The Sustainable Seas Institute stopped by Hough High School for a special visit that was anything but ordinary. While SSI Board Chair Dr. Roger Tipton joined the class in person, the real showstopper was the live simulcast beamed in from the Arctic, where the SSI research team is currently conducting field work. Projected on the classroom screen was Dr. Ulyana Pena, connecting in real time from the far north to share what ocean science looks like at the edge of the world.
For a room full of high school students studying nutrient cycles, nitrogen cycles, and how water, carbon, and phosphorus move through ecosystems, it was a powerful reminder that environmental science is not just a subject in a textbook. It is happening right now, in some of the most remote and critical environments on the planet.
The energy in the room was electric. Students who moments earlier were taking notes on nutrient cycles were suddenly face-to-face with a researcher standing on Arctic ice. Dr. Tipton led the conversation from the classroom floor, bridging the students’ coursework with the real-world questions SSI is actively investigating, including ocean contamination, water quality, and the health of marine ecosystems that touch all of our lives.
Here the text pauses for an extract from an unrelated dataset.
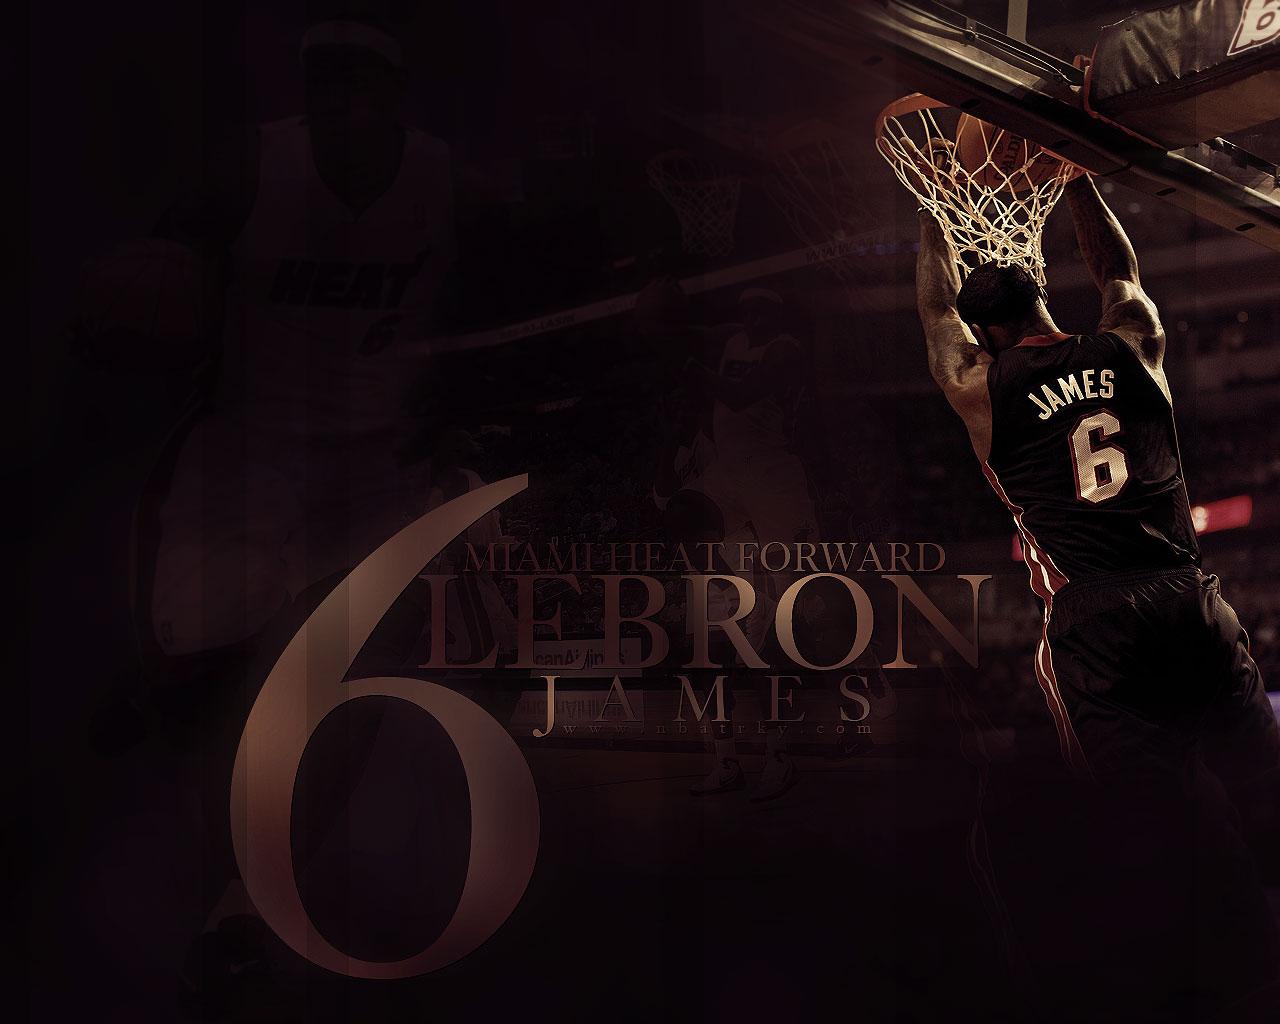 LeBron James Heat Reverse Dunk Widescreen Wallpaper Big Fan of NBA 1280x1024

Teacher Craig Arkfeld has built a classroom culture where curiosity is encouraged and big questions are welcome. That made the visit a natural fit. His students came ready to engage, and they did not hold back.
Visits like this one are central to SSI’s education mission. Ocean science should not be locked away in research vessels and university labs. It belongs in communities, in conversations, and yes, in high school science classrooms where the next generation of environmental stewards is taking shape. Connecting students directly to active researchers, whether those researchers are standing in the room or transmitting from the Arctic Circle, is one of the most powerful things we can do.
SSI is grateful to Craig Arkfeld and the Hough High School community for opening their doors, and to Dr. Ulyana Pena for joining from the field despite the miles between us. To the students who asked sharp questions and leaned in: we see you, and we think you are going to do great things.
The ocean needs advocates. It looks like Hough High School has a few in the making.